4. A teacher rents Gone With the Wind to show the
burning of Atlanta scene to her class while studying the Civil
War. This is fair use.
5. A student doing a multimedia report discovers how to
copy the QuickTime movie of Kennedy's "We shall go to the moon"
speech from a CD-ROM encyclopedia. He presents the report to his
classmates, then posts it on the school LAN. This is fair use.
6. Copyrighted material used in multimedia projects may
remain in the student's portfolio forever.
7. A student finds a photo online dramatizing a
pre-Columbian Viking landing in America. Since the school symbol
is the Viking, he uses this photo as a graphic element on the
school's Web page--giving credit to the site from which it was
copied. This is fair use.
8. A science teacher asks the school librarian to record
a great episode of Bill Nye the Science Guy on its original
broadcast in September 1998. He figures on using it for years.
This is permissible.
9. A student building a multimedia art project uses
copyrighted images of Frank Lloyd Wright buildings downloaded from
the Web. He submits this project to a multimedia competition
honoring classroom work and wins a prize for the school. This is
covered under fair use.
10. The teacher of the winning multimedia project
mentioned above shows it at an art conference for educators. It
cost $50 to attend the conference and the teacher is awarded free
attendance because he is a presenter. This is fair use.
11. Using a legal copy of the program Webwhacker, a
district technology specialist downloads and caches educational
and noneducational Web pages for school Internet trainings.

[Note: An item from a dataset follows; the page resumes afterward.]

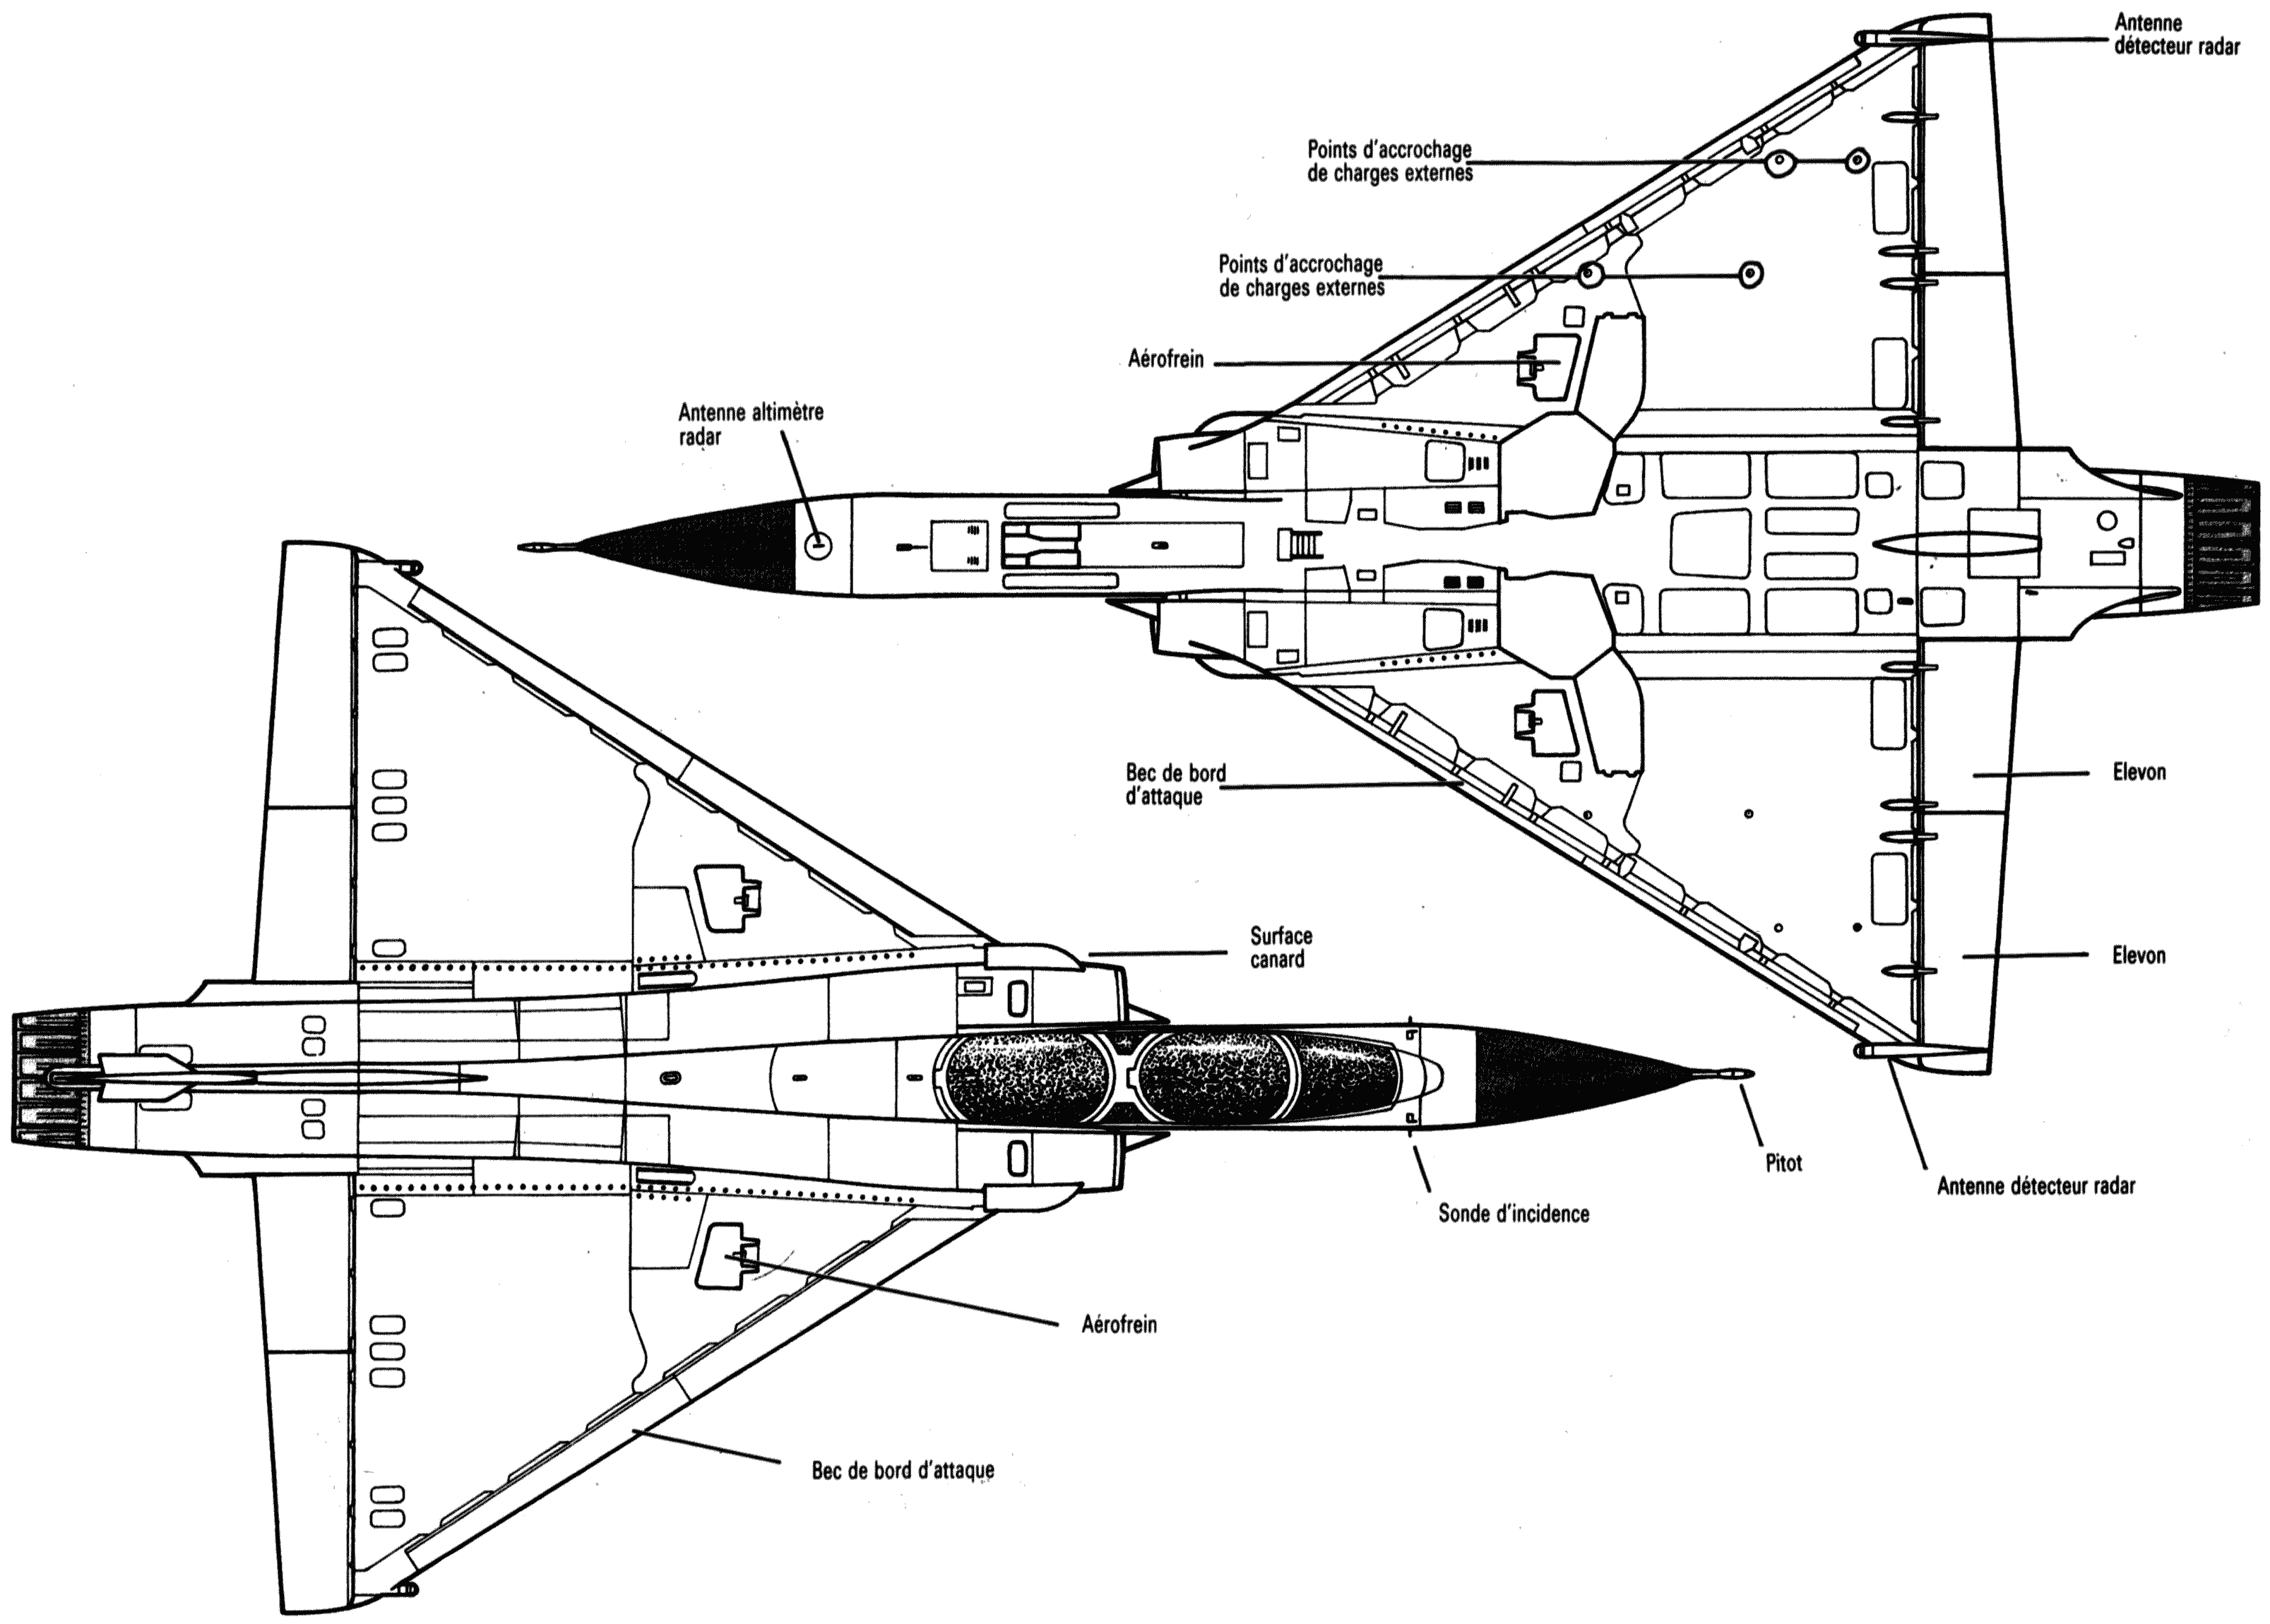 Dassault Mirage 2000 blueprint

By
copying these pages onto the school's server she is violating
copyright law.
12. A school purchases one copy of a typing tutorial
program, which is housed in the library. It is checked out to
individual students to take home for two-week periods. This is
permissible as long as the homes erase the program at the end of
the two weeks.
13. "Seinfeld" has an episode on personal hygiene that a
health teacher tapes and uses the following week in class. The
local television station denies permission when asked and states
this is a violation of copyright law. They are correct.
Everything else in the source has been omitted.